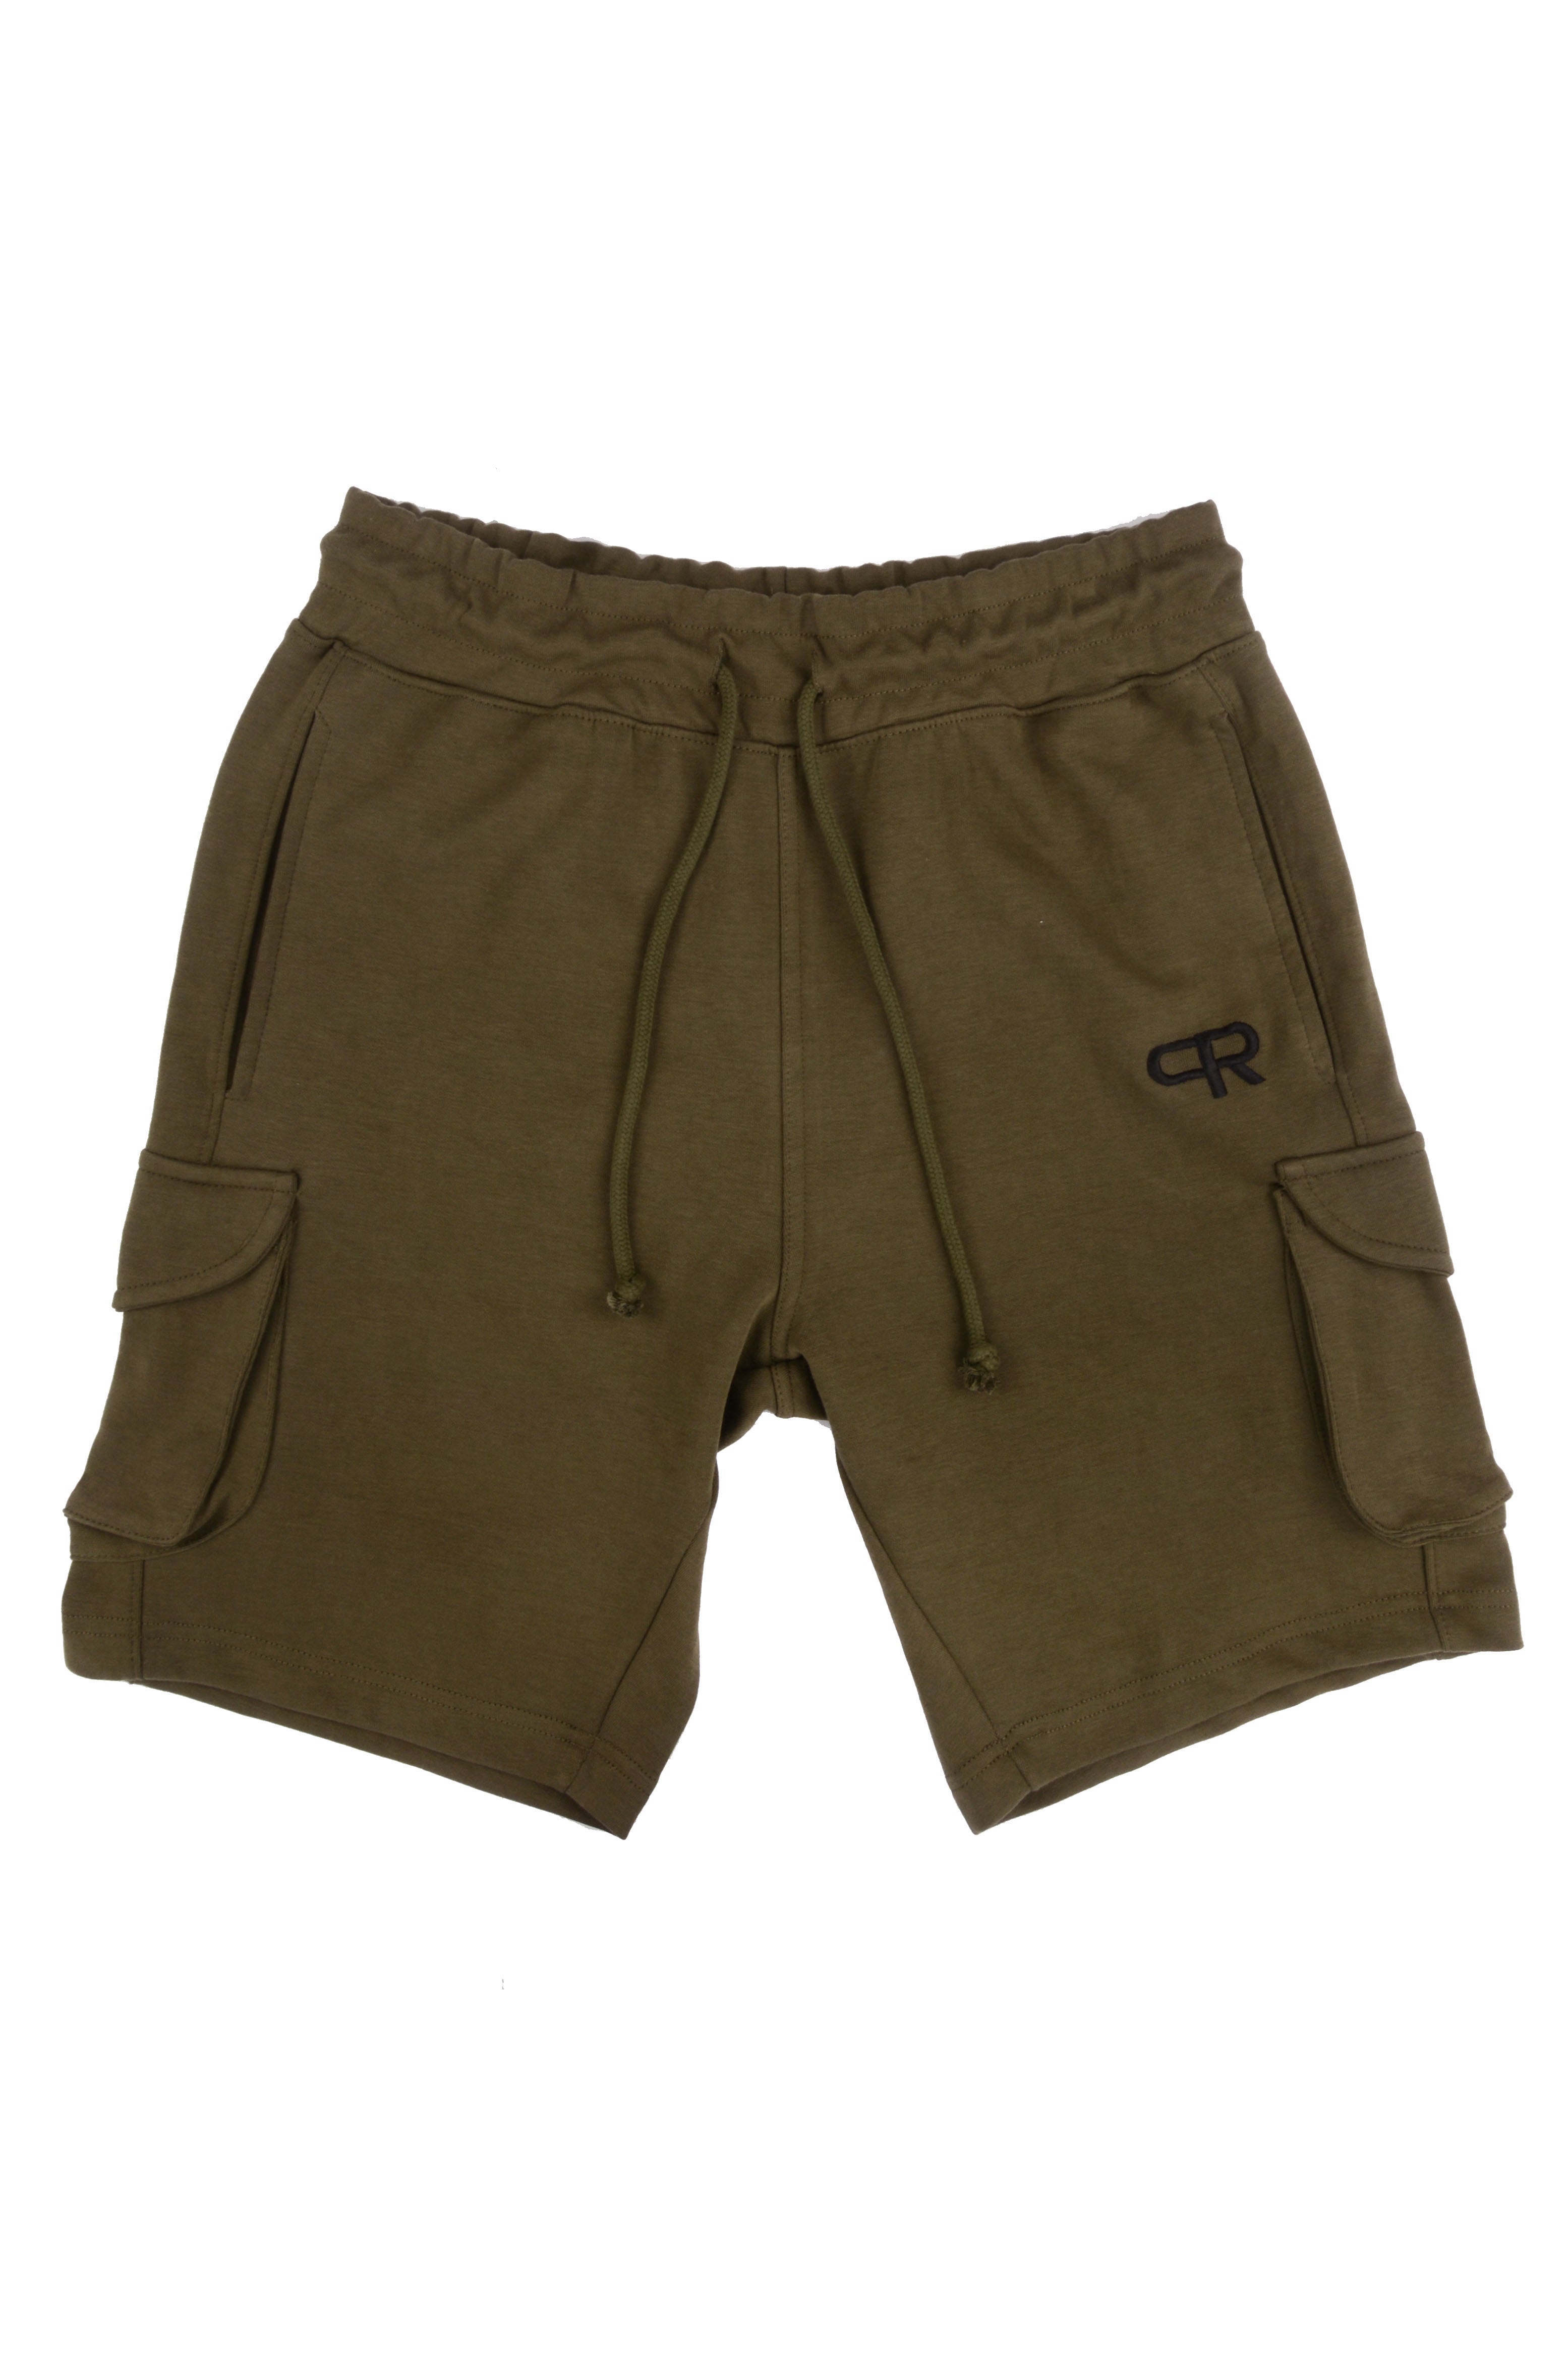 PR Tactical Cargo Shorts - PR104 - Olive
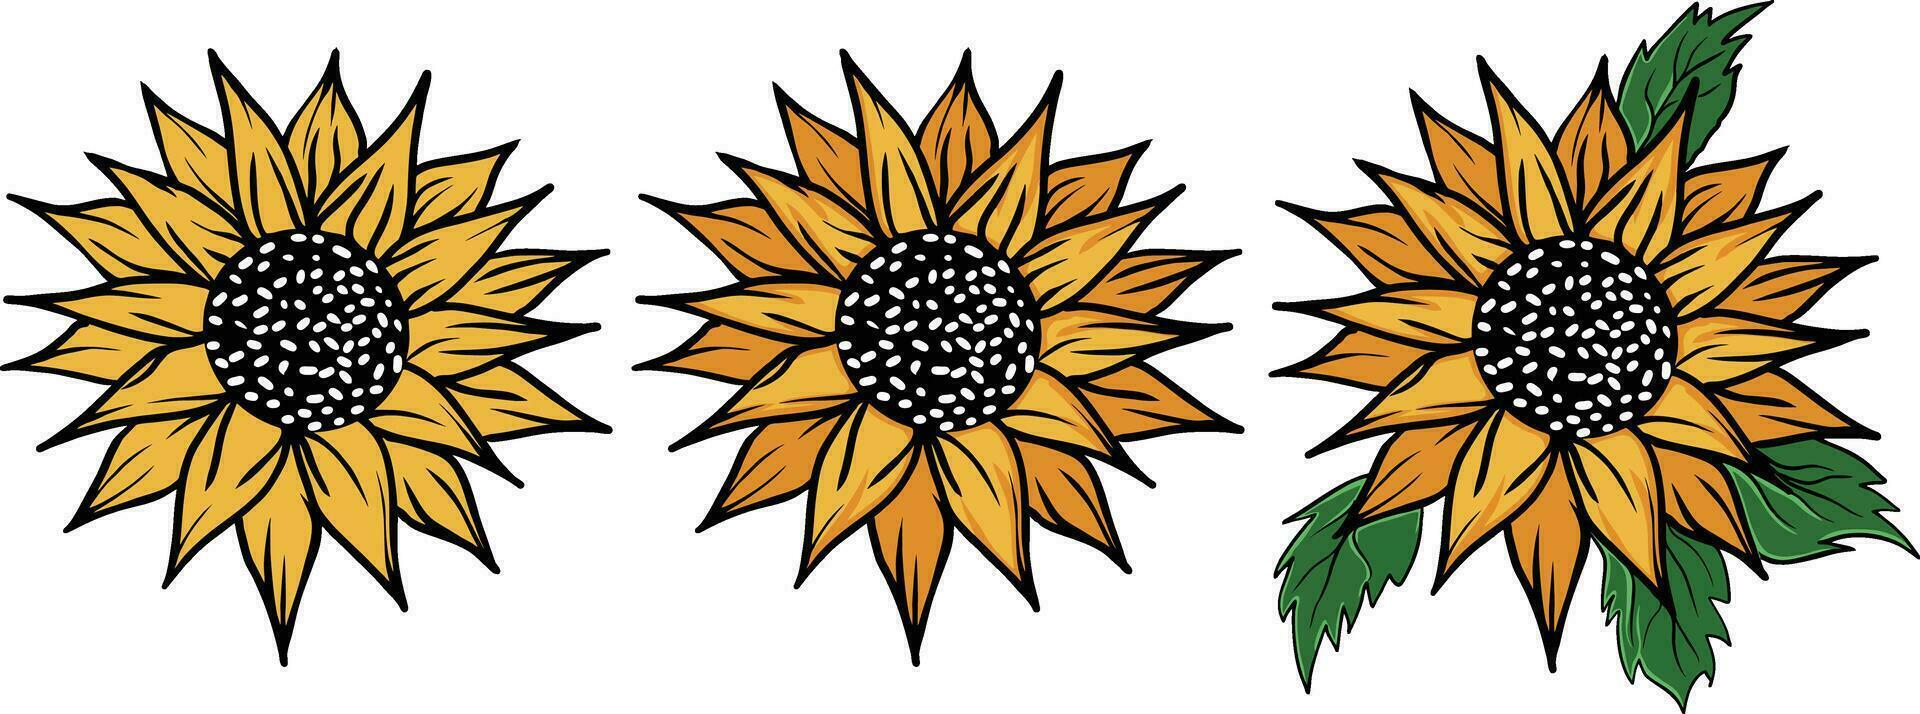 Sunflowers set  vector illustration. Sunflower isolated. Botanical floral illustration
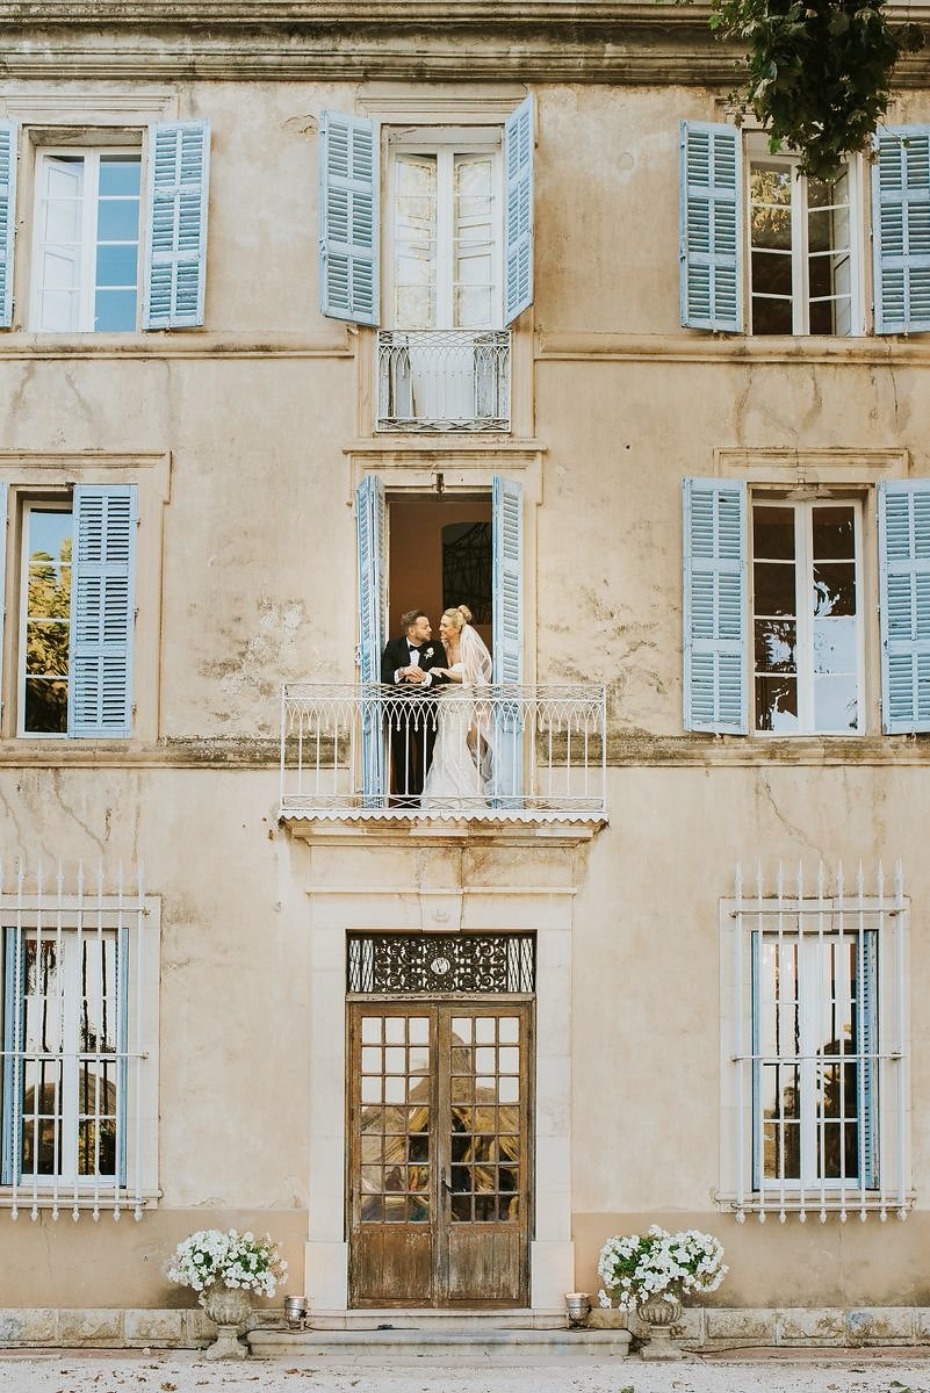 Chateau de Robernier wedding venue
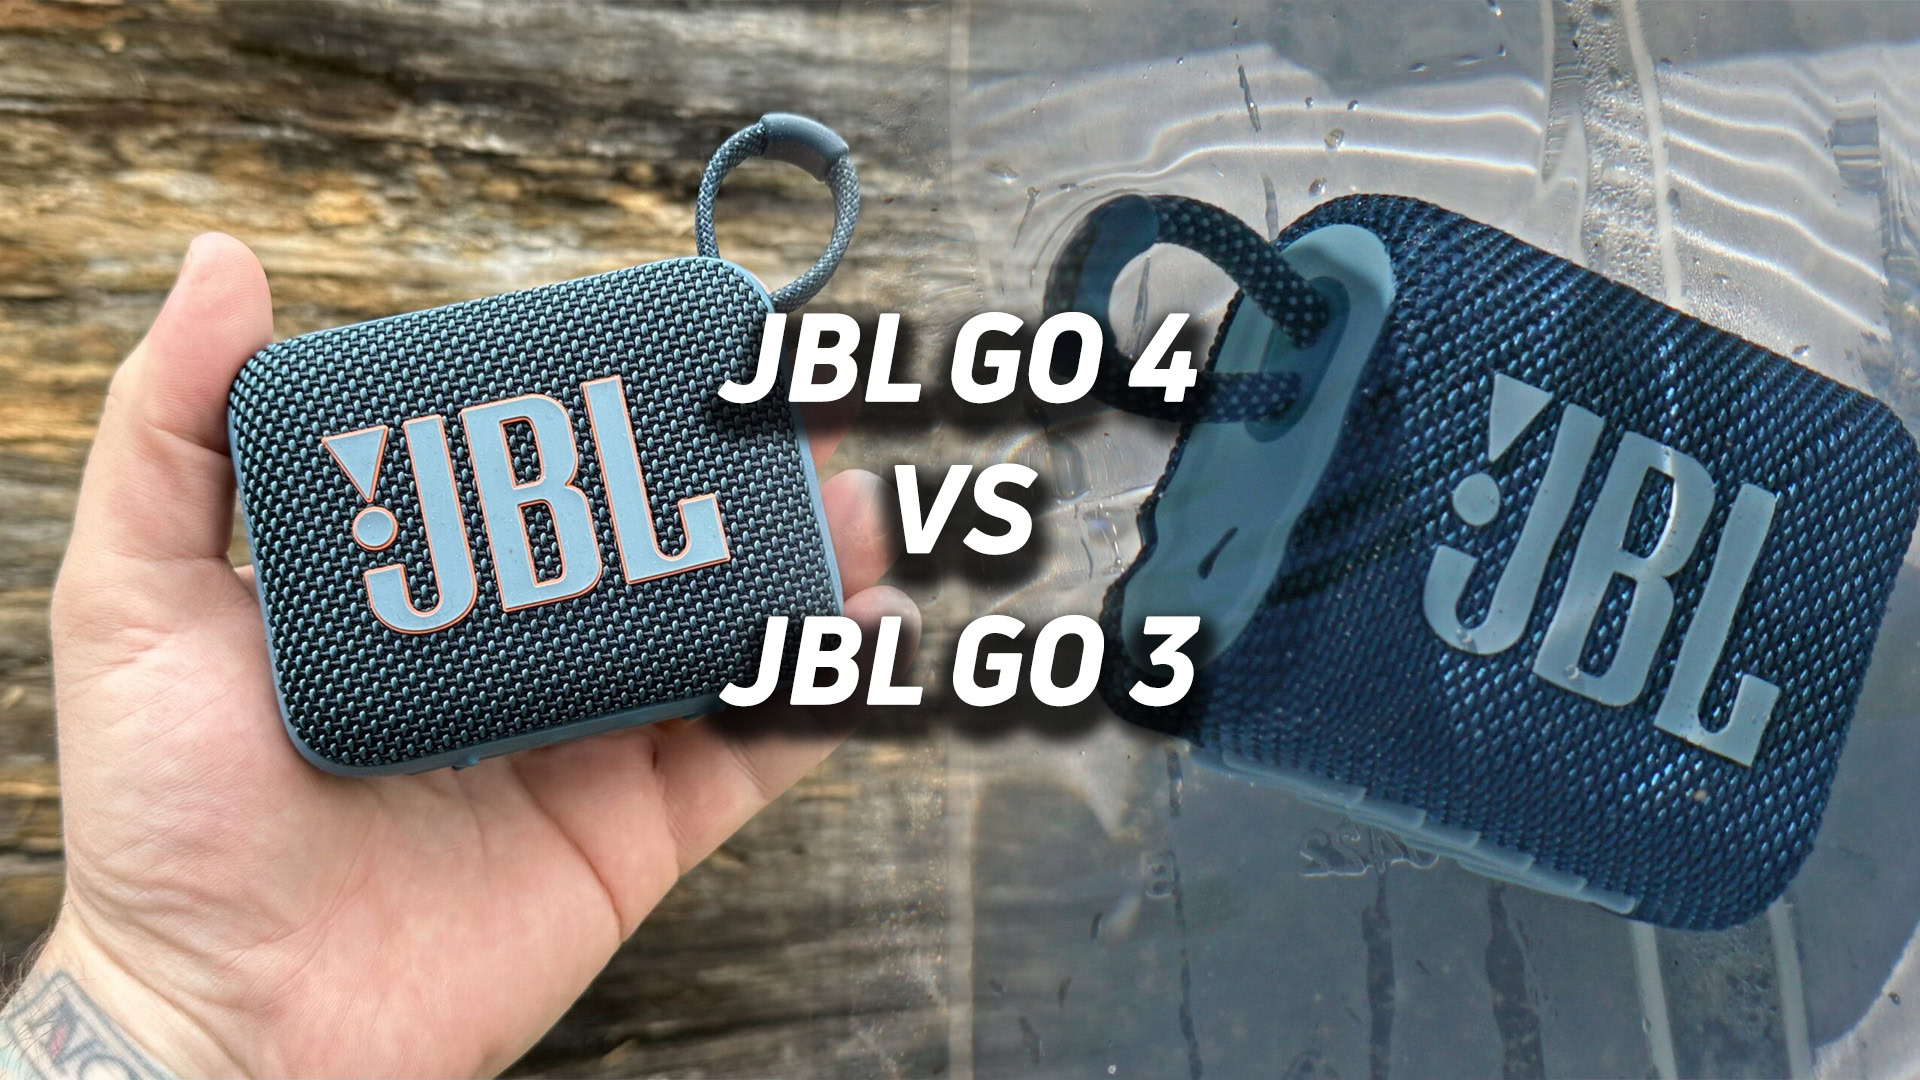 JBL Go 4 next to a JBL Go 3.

Task requirements: Final stretch of the data: repeat exactly each line from the one containing "Botanical floral illustration" through the last, and omit all pictures.

Response to this exercise:
 Sunflowers set  vector illustration. Sunflower isolated. Botanical floral illustration
 Chateau de Robernier wedding venue
 JBL Go 4 next to a JBL Go 3.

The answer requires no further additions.